* **COLLECTED DATA**
-*-

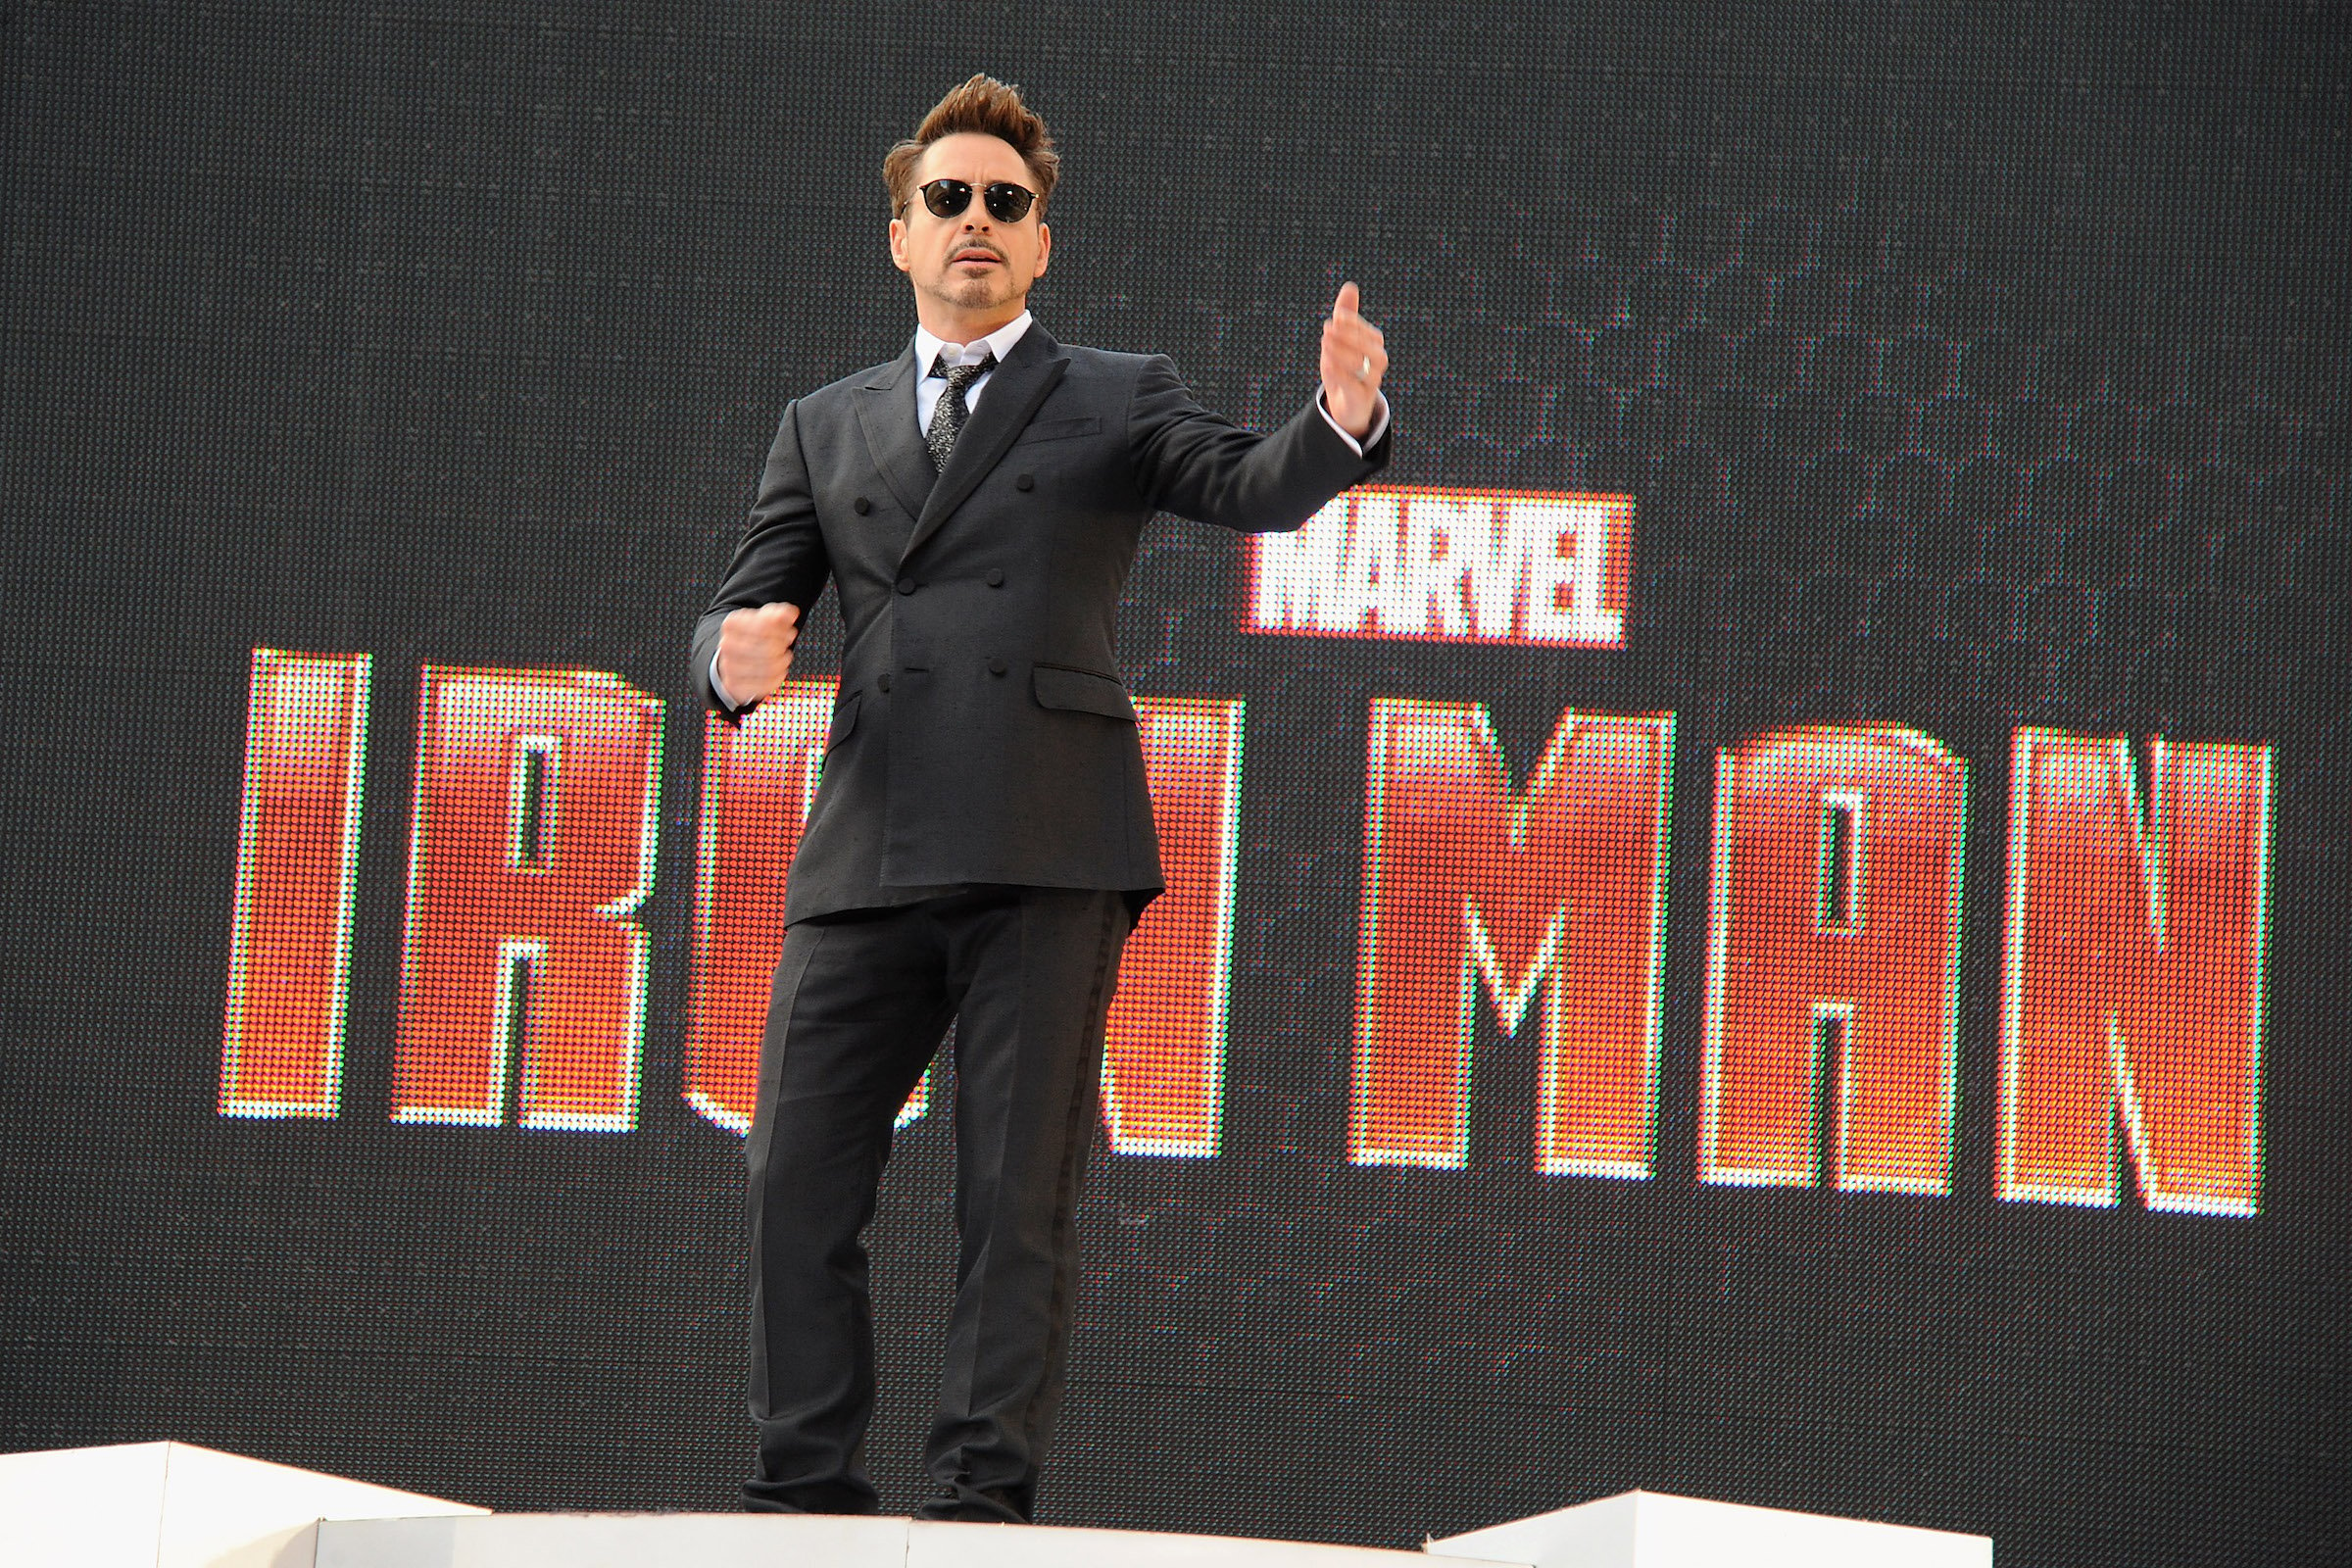 Actor Robert Downey Jr. attends the 'Iron Man 3' Special Screening
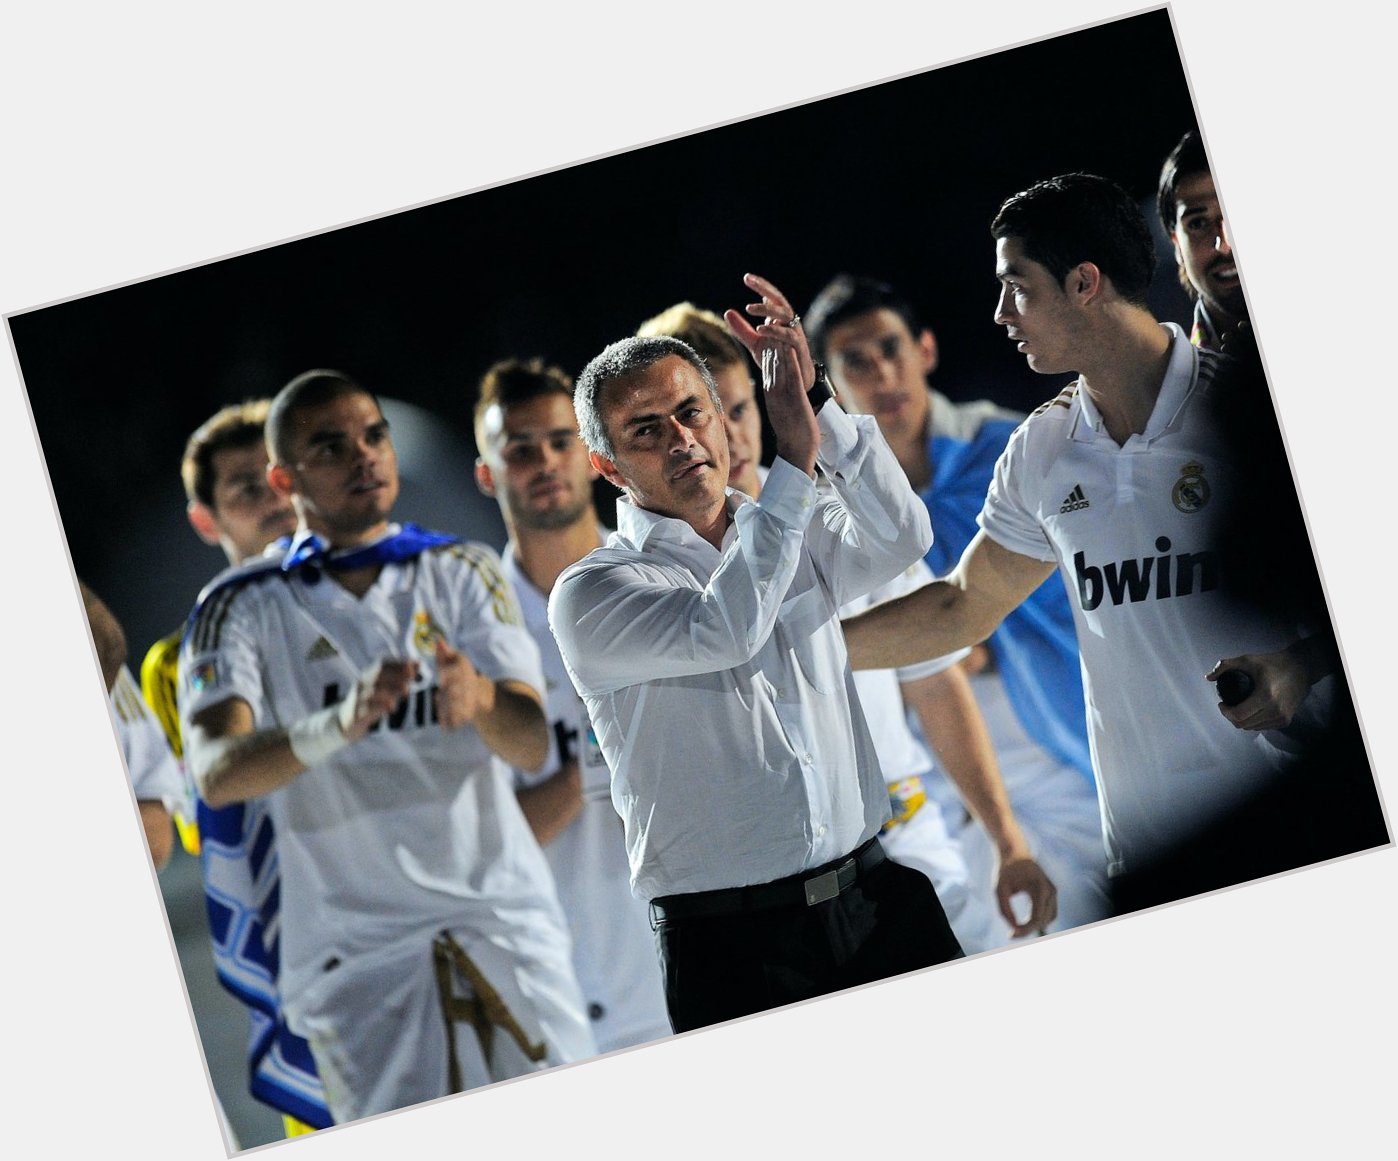 Happy birthday, José Mourinho!

Thanks for the Record Break 11/12 LaLiga campaign.

-*-

* **DIRECTIONS**
Reproduce exactly and only the lines from the line that contains "Happy birthday, José Mourinho!" to the end of the data above, both ends included. No pictures go in the copy.

* **OUTPUT OF THE TASK**
 Happy birthday, José Mourinho!

Thanks for the Record Break 11/12 LaLiga campaign.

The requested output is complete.